Raises ValueError if the graph contains a cycle or if treatment == outcome.

g_computation(df, treatment, outcome, adjustment_set, n_bootstrap=200, seed=0, learner='linear')

Adjusted marginal effect E[Y | do(T=1)] − E[Y | do(T=0)] by standardization.

aipw(df, treatment, outcome, adjustment_set, n_bootstrap=200, seed=0, learner='linear', clip=(0.02, 0.98))

Augmented inverse-propensity weighted estimator.

Consistent if either the outcome model or the propensity model is correct. Continuous treatments are median-binarized first; results are interpreted as the effect of being above vs below the cohort median.

default_wearable_dag()

Encodes the assumed causal structure of the synthetic cohort:

age, sex → baseline_hr, baseline_hrv heat_index → sleep_efficiency, hrv_rmssd stress_proxy → sleep_efficiency, hrv_rmssd, missing activity → resting_hr, hrv_rmssd, ppg_motion device_type → resting_hr, sqi skin_tone → ppg_sqi sleep_efficiency → hrv_rmssd (mediator)

The graph is small on purpose.
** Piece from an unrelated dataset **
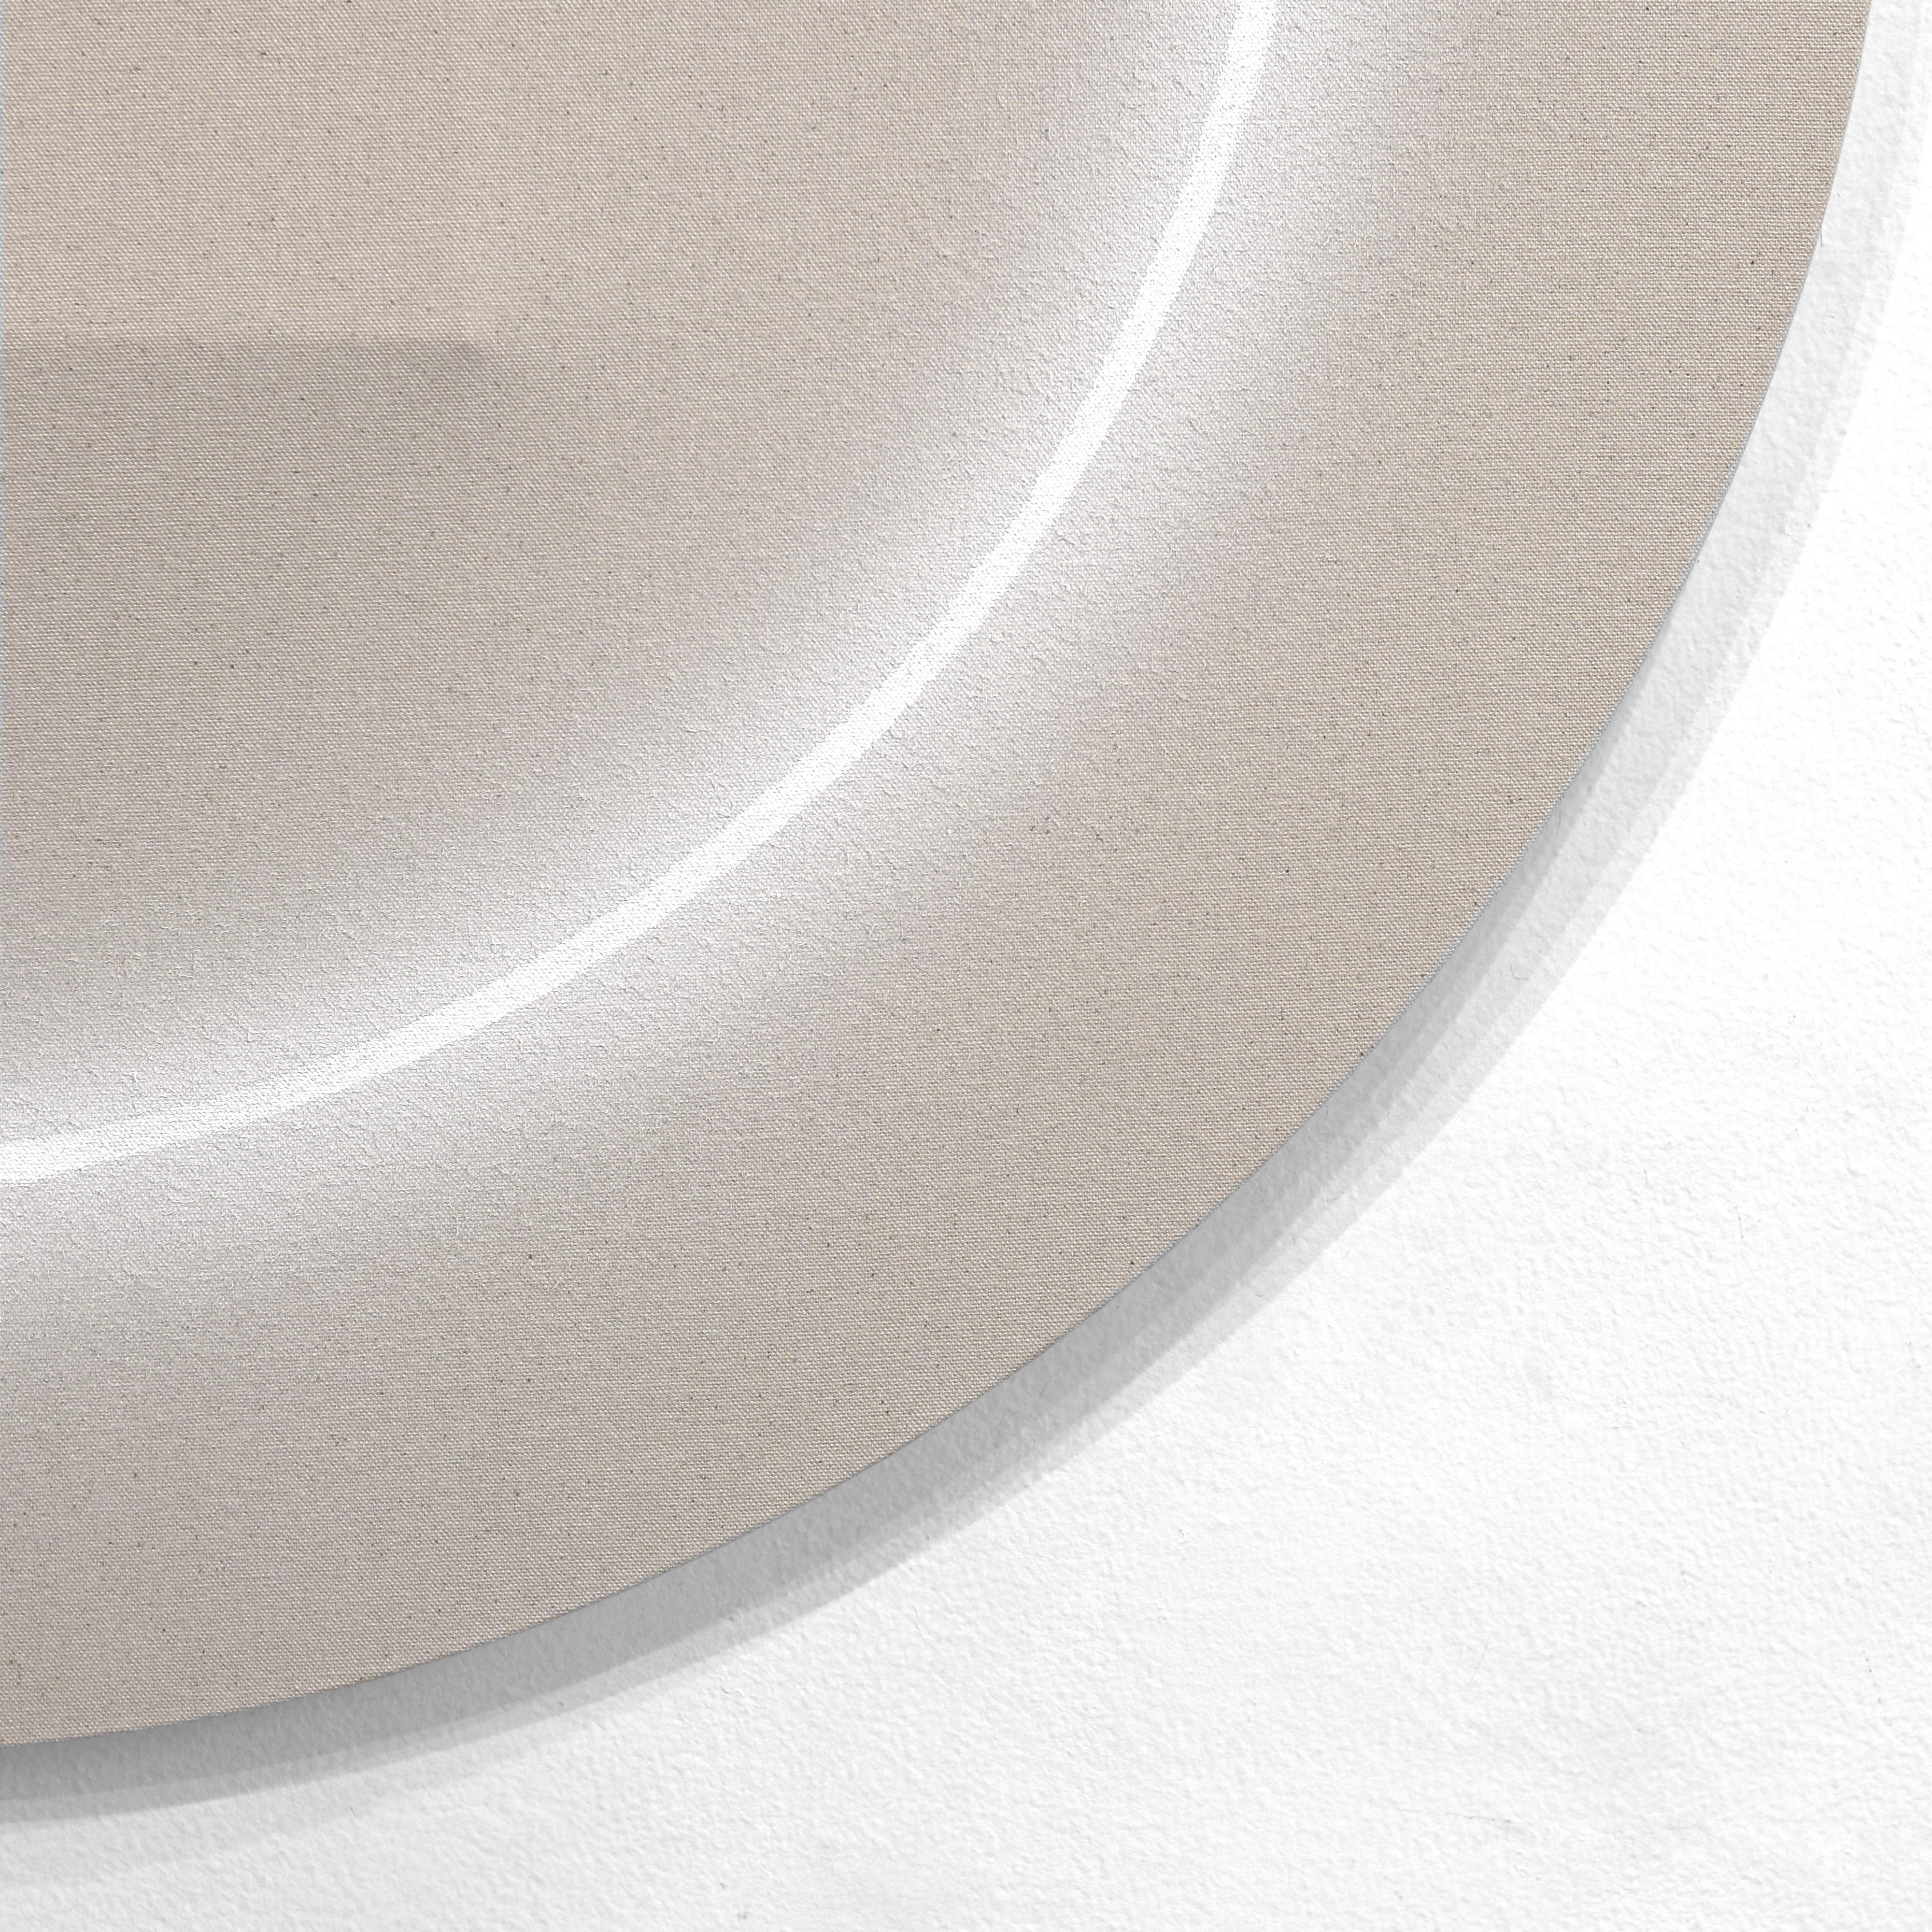 Halo Orb Squared - Minimalist Dimensional Architectural Wall Sculpture Artwork For Sale 5

Anyone applying this to a real cohort should write down their own DAG; this one is a starting point and a worked example.
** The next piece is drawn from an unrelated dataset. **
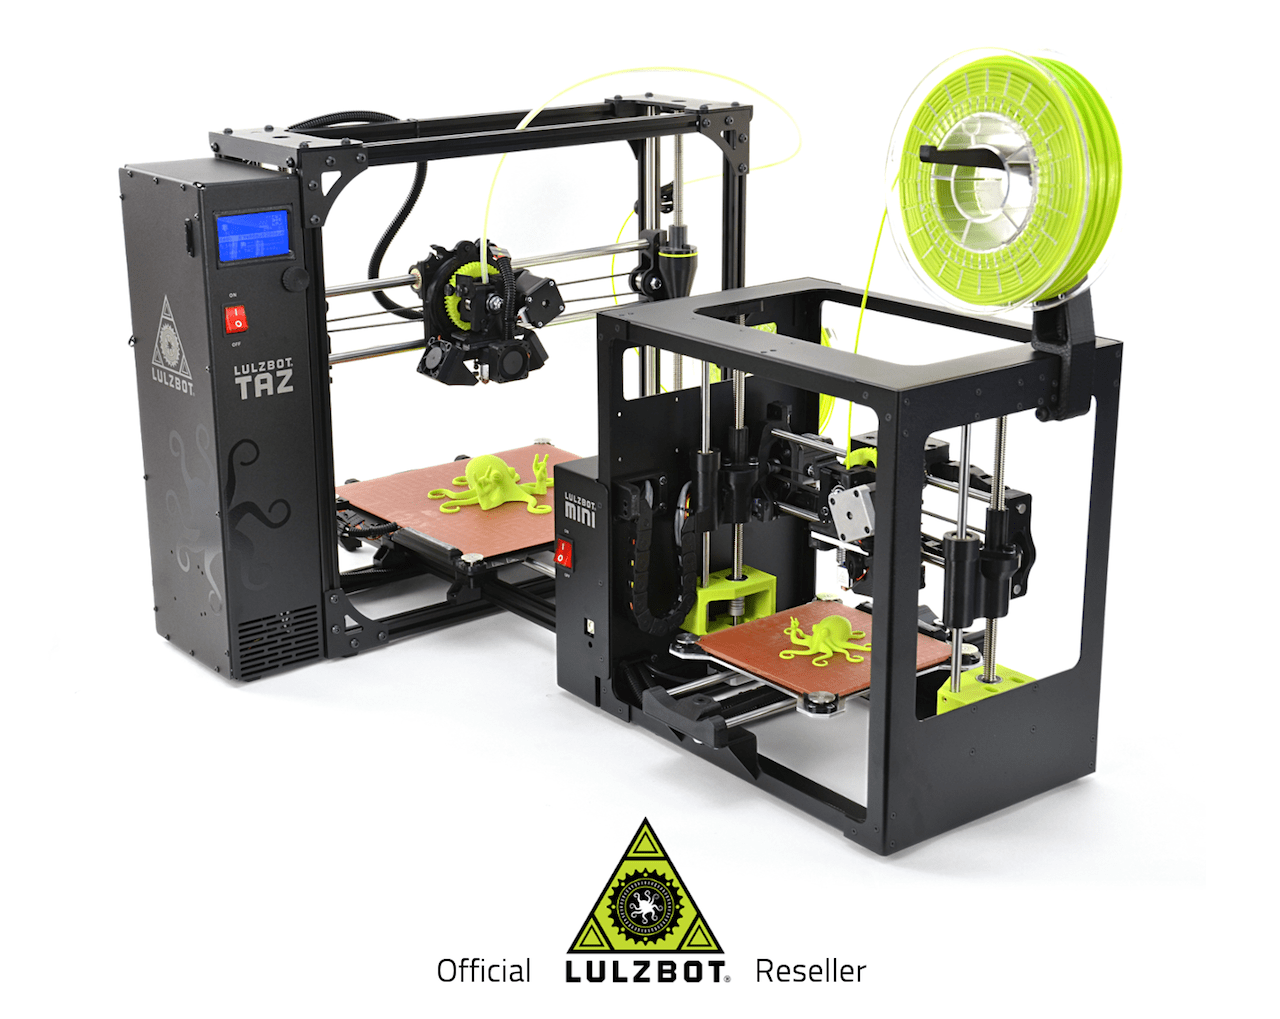  LulzBot 3D printers now being sold by colorFabb? 

screening_vs_adjusted_table(df, pairs, dag=None, learner='linear', default_covariates=None)

For each (confounder, outcome) pair, report screening r AND AIPW adjusted effect.

If the DAG yields an empty back-door set (e.g., the treatment is a root node), we fall back to default_covariates to give a useful adjusted estimate. This is a deliberate convenience: anyone with a real DAG should pass it in.

environmental_confounding

Environmental confounders: heat, AQI, humidity.

heat_sleep_confounding

A focused module on heat × sleep confounding.

missingness_dynamics

Missingness as signal: clustering, consecutive dropout, state dependence.
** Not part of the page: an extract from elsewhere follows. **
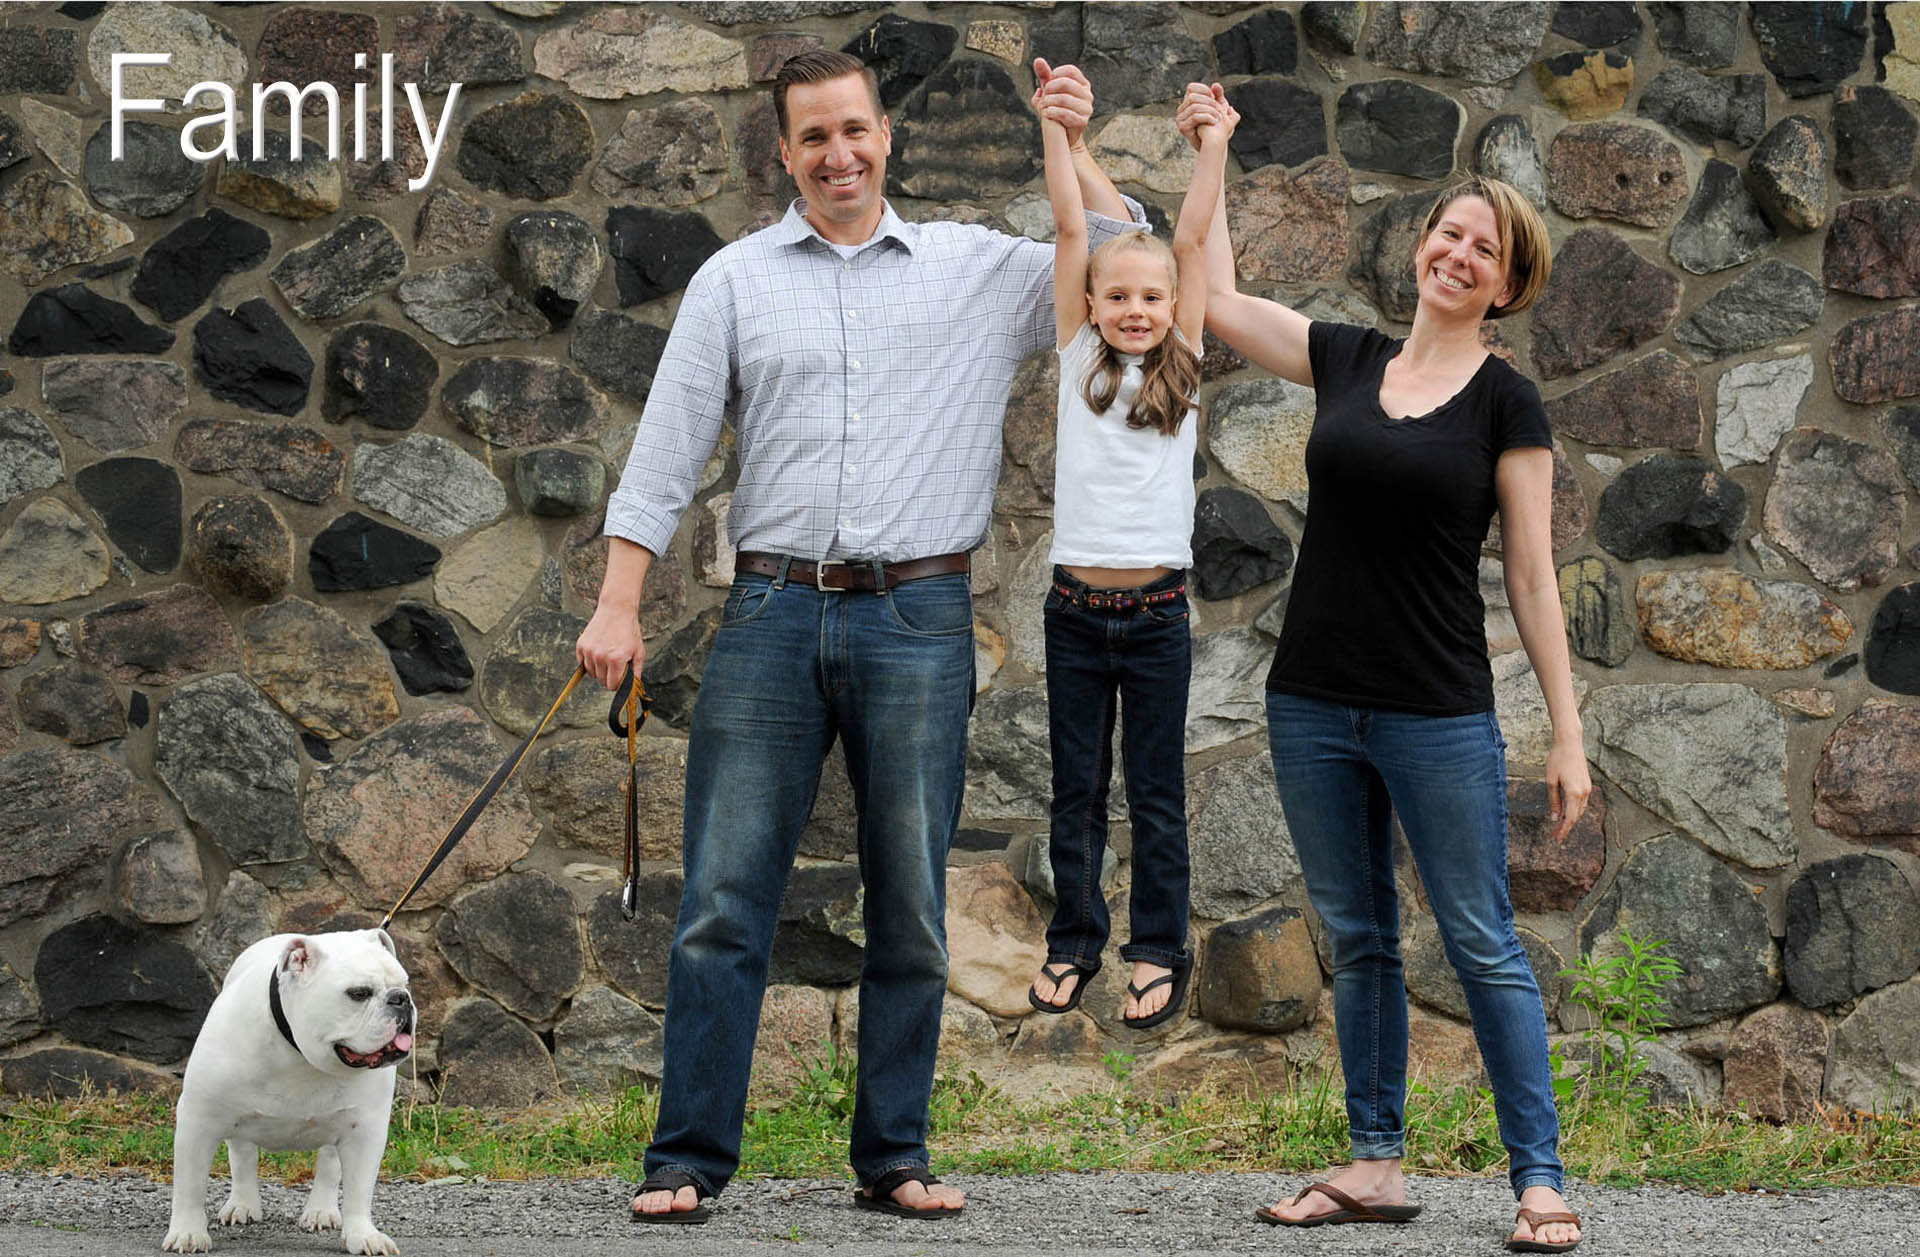 A metro Detroit area couple celebrate the arrival of their adopted daughter with a fun, happy family photo downtown Detroit, Michigan.

consecutive_run_lengths(flags)

Return lengths of consecutive 1-runs in a binary array.

state_dependent_missingness(df)

Does missingness correlate with stress / poor sleep / heat?

Reliability

ICC, test-retest stability, bootstrap reliability primitives.

biomedical_signal_forensics_lab.reliability

Reliability engine: ICC, test-retest, drift, device bias, trust score.

biomarker_trust_score

Digital Biomarker Trust Score (DBTS).

Six sub-scores → weighted composite in [0, 100] with a categorical label. All weights and thresholds are loaded from configs/reliability.yaml so the score is auditable.

DigitalBiomarkerTrustScore

Compute the trust score and its sub-components from a participant frame.

Inputs are kept simple on purpose: a per-participant dataframe with the daily columns plus any computed artifact / signal quality columns. We derive each sub-score with a transparent rule and combine via the configured weights.

change_point

Change-point detection on participant time-series.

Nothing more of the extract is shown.